In this section, we have introduced the Heterogeneous Hypergraph Variational Auto-encoder method [6] for the task of link prediction on hypergraph, which captures the high-order correlations among the data while preserving the origin low-order topology. Link prediction on hypergraph has shown superior performance in different experiments and can be further used in other applications.

5.6 Summary

In this chapter, we introduce four typical hypergraph computation tasks, including label propagation, data clustering, imbalance learning, and link prediction. Label propagation on hypergraph is to predict the labels for the vertices on a hypergraph, i.e., assigning a label to each unlabeled vertex in the hypergraph, based on the labeled information. Data clustering on hypergraph divides the vertices in a hypergraph into several groups. Imbalanced learning on hypergraph considers the imbalanced data distributions and introduces cost-sensitive hypergraph computation methods.

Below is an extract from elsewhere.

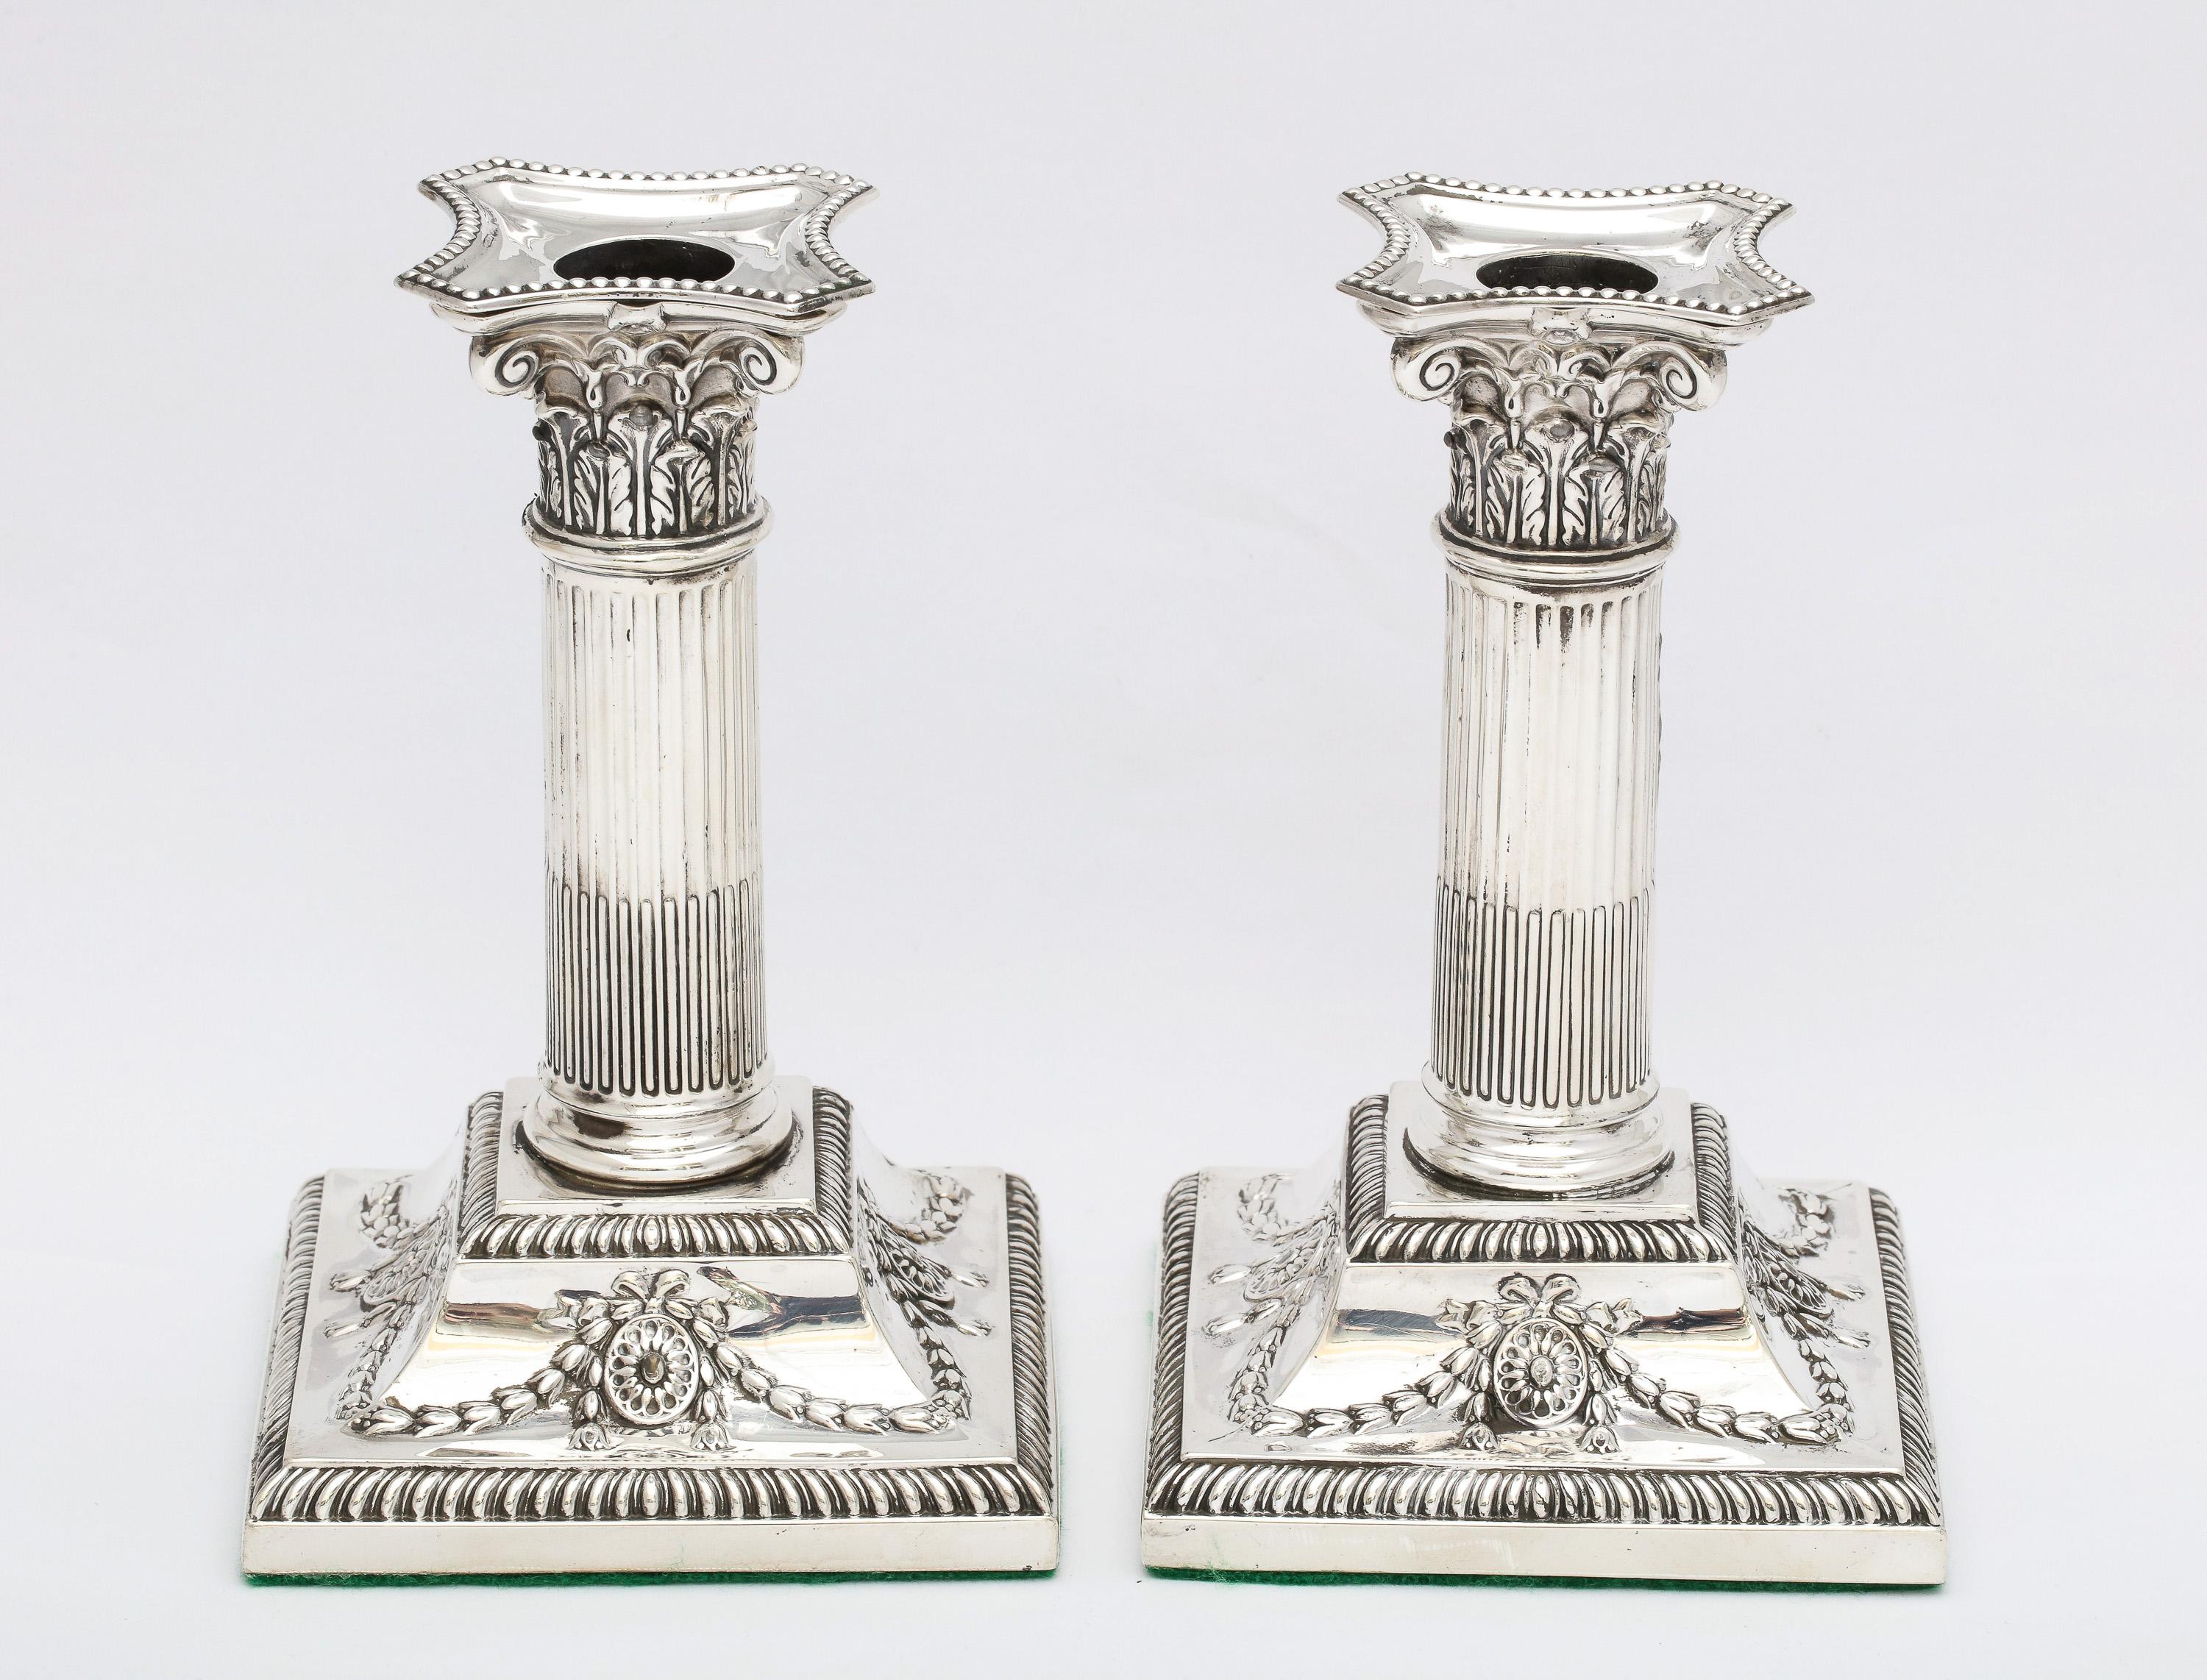 Magnifique paire de chandeliers à colonne corinthienne en argent sterling de la période victorienne, de style néoclassique, fabriqués dans la ville de Sheffield, en Angleterre, portant le poinçon de l'année 1898, Hawksworth, Eyre and Co, Ltd -

Link prediction on hypergraph discovers missing relations or predicts new coming hyperedges based on the observed hypergraph. We note that these four tasks are typical ways to use hypergraph computation in practice. Other tasks can also be deployed under the hypergraph computation framework, such as data regression, data completion, and data generation. Following these typical hypergraph computation tasks, we can use them in different applications, such as social media analysis and computation vision.